In 1984, Hearn et al. first proposed the concept of flow unit while studying Shannon reservoir in HartogDraw oilfield, Wyoming, USA. Since Hearn put forward the concept of reservoir flow unit, various Electrofacies classification methods have been proposed by different scholars (Hearn et al. 1984). Generally they can be divided into two categories. One is geological research method, which mainly uses geological cuttings and routine core analysis to calculate flow zone index (FZI) for reservoir classification (Xinlei et al. 2017; Elphick et al. 1999; Kohonen et al. 1982). This method improves the accuracy of permeability evaluation to a certain extent, but it mainly relies on routine core analysis data. Due to poor ductility, this method has certain limitations in the classification of uncored reservoirs. The other is the relatively popular artificial intelligence technology in the oil industry in recent years. With the rapid development of computer hardware, artificial intelligence as a new technology is becoming more and more popular. In particular, the machine learning algorithm represented by neural network has a long history in petroleum industry technology, which solves many problems in petroleum specialty and is favored by many petroleum engineers. Machine learning classifies electrofacies mainly by clustering analysis of logging curves through mathematical algorithms such as neural network classification, K-nearest neighbor classification (KNN) and Multi-Resolution Graph based Clustering (MRGC), and then the corresponding relationship between electrofacies and lithofacies is established by combining core analysis and cutting data. Since this method is based on continuous well logs, it has strong extensibility and is easy to learn from uncored wells (Xinlei et al. 2017).

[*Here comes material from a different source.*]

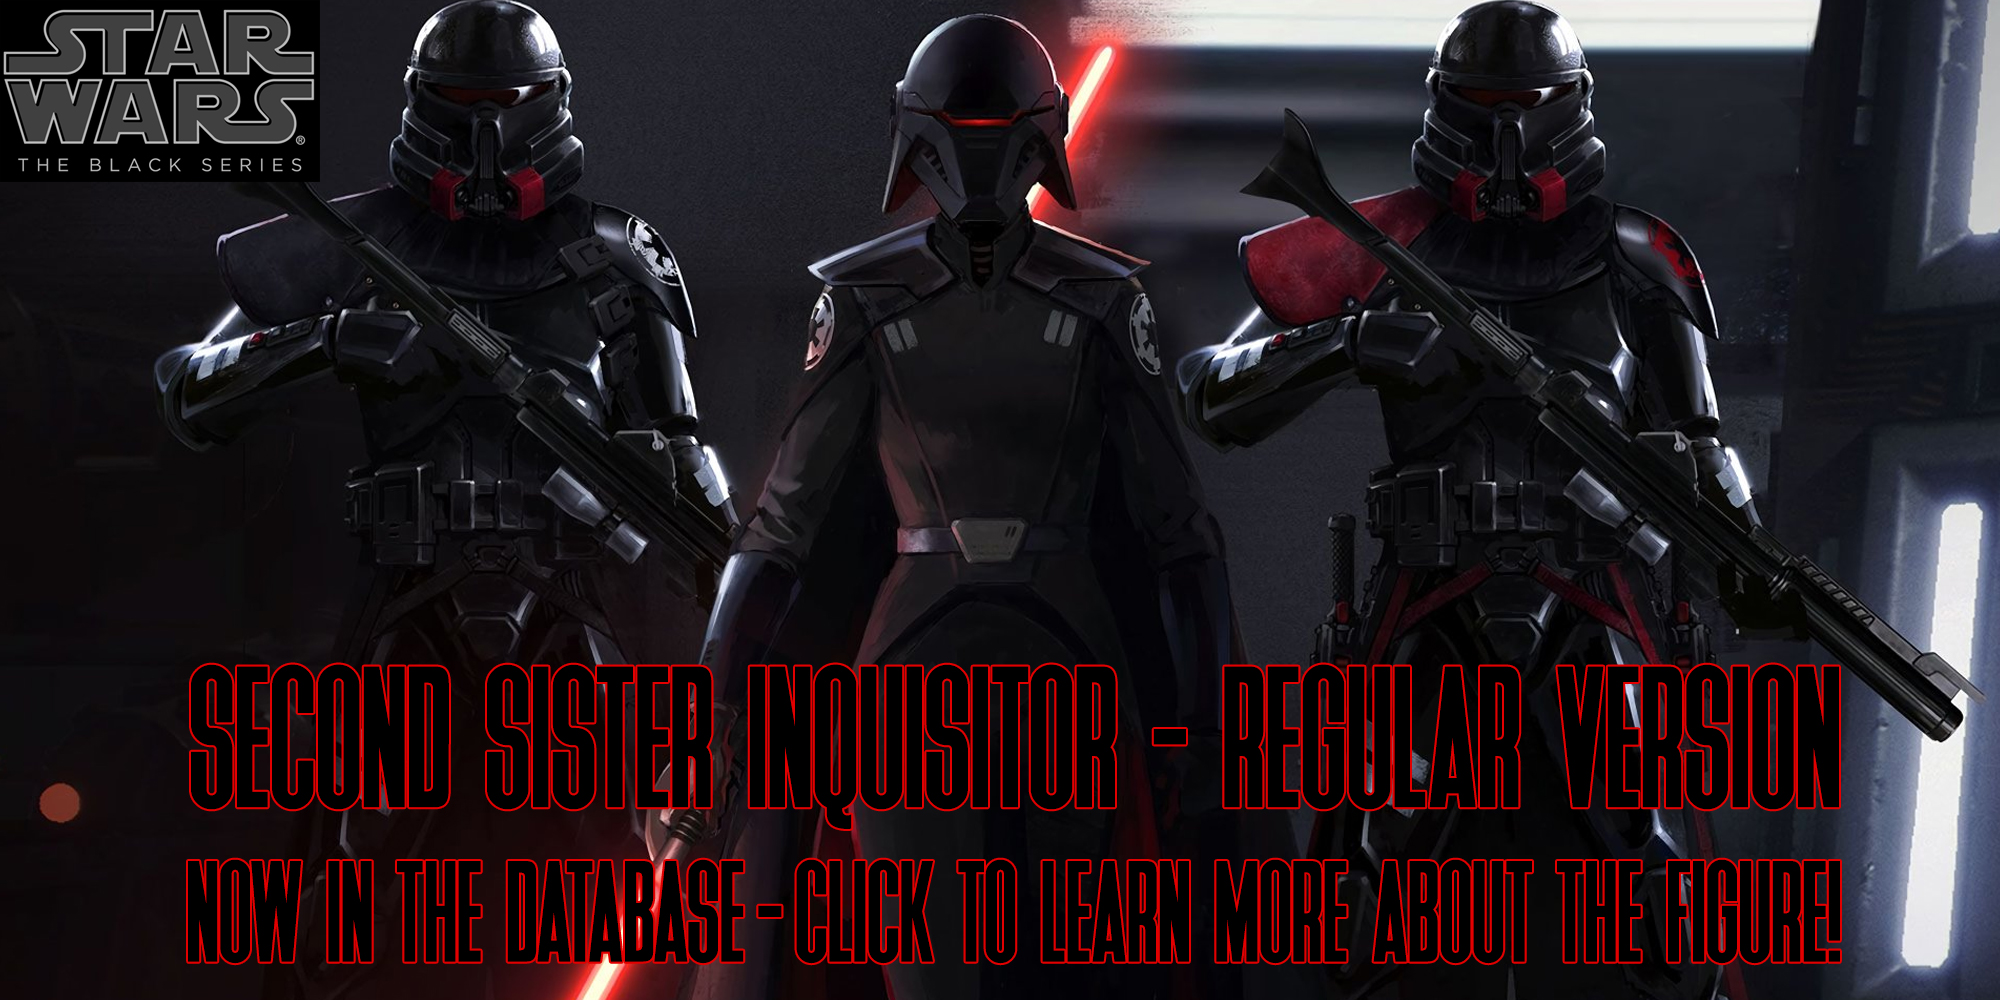 New Addition: Black Series Second Sister Inquisitor (Regular Version)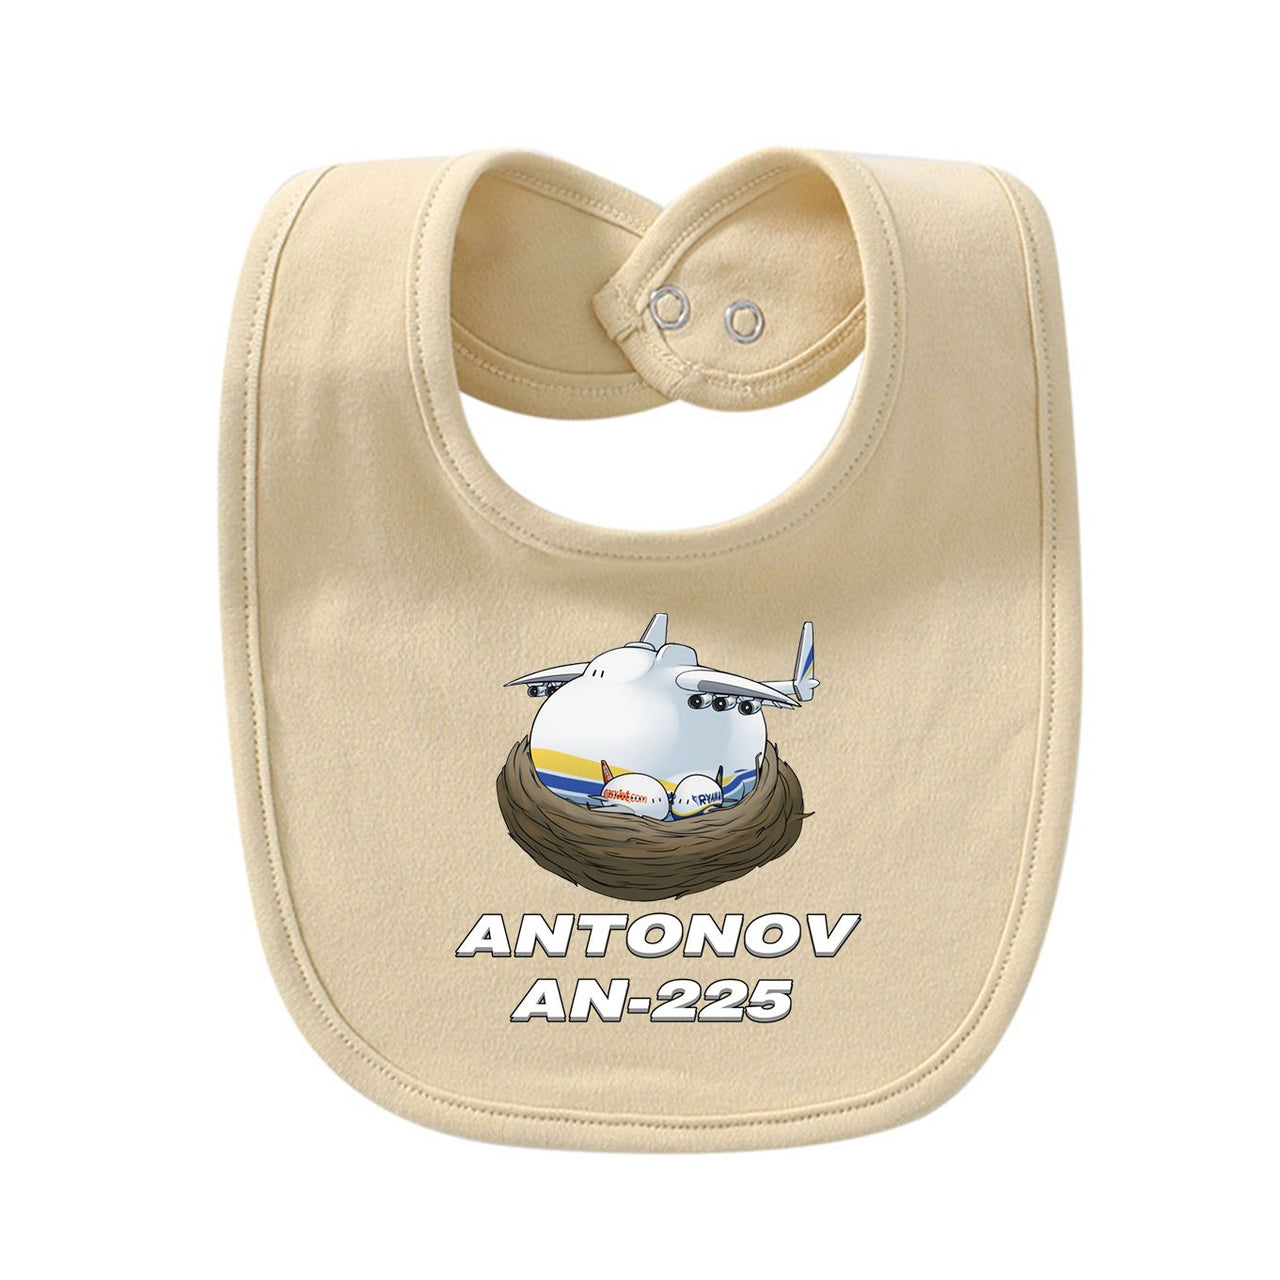 Antonov AN-225 (22) Designed Baby Saliva & Feeding Towels

In this paper, we describe a novel workflow that predicts continuous permeability from conventional well logs, based on Electrofacies classification and core data collected in multiple oilfields. In this method, firstly, the MRGC is used to classify electrofacies of the logging curves in coring sections. Secondly, KNN algorithm is used to learn the results of electrofacies classification into uncored sections. Finally, the permeability model based on the electrofacies constraint is established. Compared with the neural network classification, the MRGC has the advantages of fast operation speed and stable operation results. The Neighbor Index (NI) parameter in the algorithm can quickly classify the sample data, and the Kernel Representative Index (KRI) parameter can select the optimal class from the results of multiple classifications(Yunjiang et al. 2018; Ting et al. 2018). Our study area consists of 13 oilfields with the same depositional environment and mineralogy. As a result, well log responses in these oilfields have similar characteristics. A total of 2122 core samples were collected in these oilfields and triple combo well logs are also available in the same wells.
Based on routine core analysis and log feature analysis, we divide log responses into 6 electrofacies. Permeability models are then established for each electrofacies using core data and are used to make predictions in new wells without any core data. Using the proposed idea, we re-estimated the permeability and productivity in a producer well in the study area. The facies constrained permeability shows a much better match with core measurement compared to conventional methods. As a result of the improved permeability, the productivity index calculated by the workflow matches that estimated by the Drill Stem Test (DST).